К седьмому ноября оформиться на работу в ЭПЛ успели только два специалиста, поэтому на одном из трех бортов, вылетевших на «разгон облаков», функции бортаэролога выполнять пришлось самому Скачкову, хотя его главной задачей было осуществление общего руководства авиаработами. Но он не терял чувства веры в успех. И это несмотря на то, что сама природа в этот день была явно против него, отчего со стороны ситуация для Сергея выглядела абсолютно безнадежной: осадки, шедшие из слоисто-дождевой облачности, хотя на какое-то время и прекращались, но происходило это вне какой-либо зависимости от принимаемых им решений. Образно говоря, любой на месте Скачкова стал бы уже на борту писать объяснительную записку с прошением о помиловании.

Он, конечно, волновался, однако, по его последующим рассказам, больше всего за исход поединка с непогодой переживало руководство Главмосдоруправления и, конечно, сам Борис Аркадьевич. Из его кабинета (находившегося в 200 метрах от Красной площади) небо почти не просматривалось и Лифшиц постоянно выходил на улицу, пытаясь рассмотреть хоть какие-то следы искусственного улучшения погоды. Но больше всего маялся в тревожном ожидании последствий эксперимента его подчиненный ‒ Фишкин Борис Семенович, заместитель управляющего трестом Гордормеханизация № 1, главный кремлевский коммунальщик, отвечающий за уборку центра города, в том числе и Красной площади.
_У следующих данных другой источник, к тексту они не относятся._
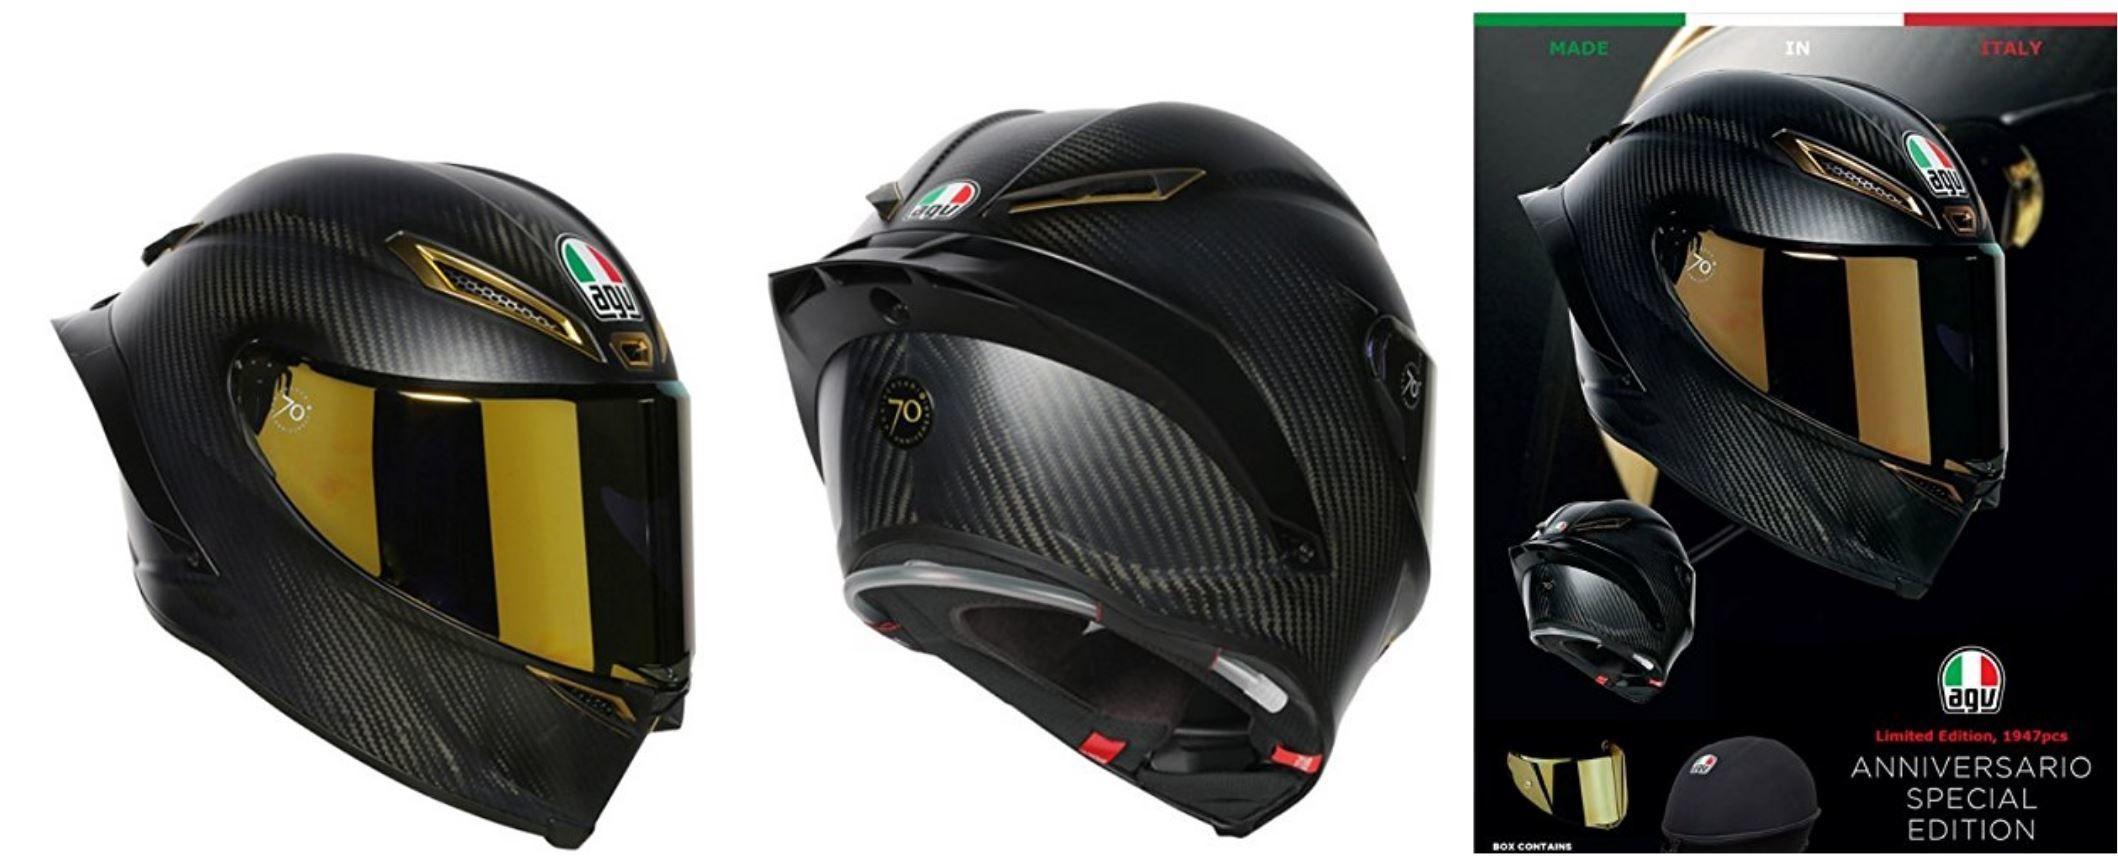 63246c51 Biker Dope- AGV Pista GP R Carbon Anniversario Helmet | M A G - A ...

Несмотря на неброскую должность, рабочее место его в тот день было у телефона в комнатке под Мавзолеем, предназначенной для членов штаба по проведению праздничных мероприятий.

Тут и высокие правительственные чины, и ответственные представители Минобороны, МВД, КГБ: каждый волнуется за свой сектор ответственности и, надо полагать, планка этой ответственности необычайно высока ‒ на трибуне Мавзолея руководство страны, гостевые трибуны заполнены элитой и важными иностранными гостями, у экранов телевизоров за парадом и демонстрацией наблюдают десятки миллионов телезрителей. Все должно проходить четко и без сбоев: предполагалось, что сбоя не будет на сей раз и у погоды, и, хотя по прогнозу ожидалось выпадение «небольшого снега», тот же Фишкин очень надеялся на летчиков, выполняющих задание, которое в его сознании (вероятно после бесед со Скачковым) укоренилось под названием «отсечение снегопадов». Борис Семенович при случае выскакивал из «подмавзолея» на свет божий, и если в этот момент снег не сыпался на высокопоставленные головы, возвращался на свой пост довольным. Когда было совсем тревожно, звонил Лифшицу и спрашивал ‒ ну что там?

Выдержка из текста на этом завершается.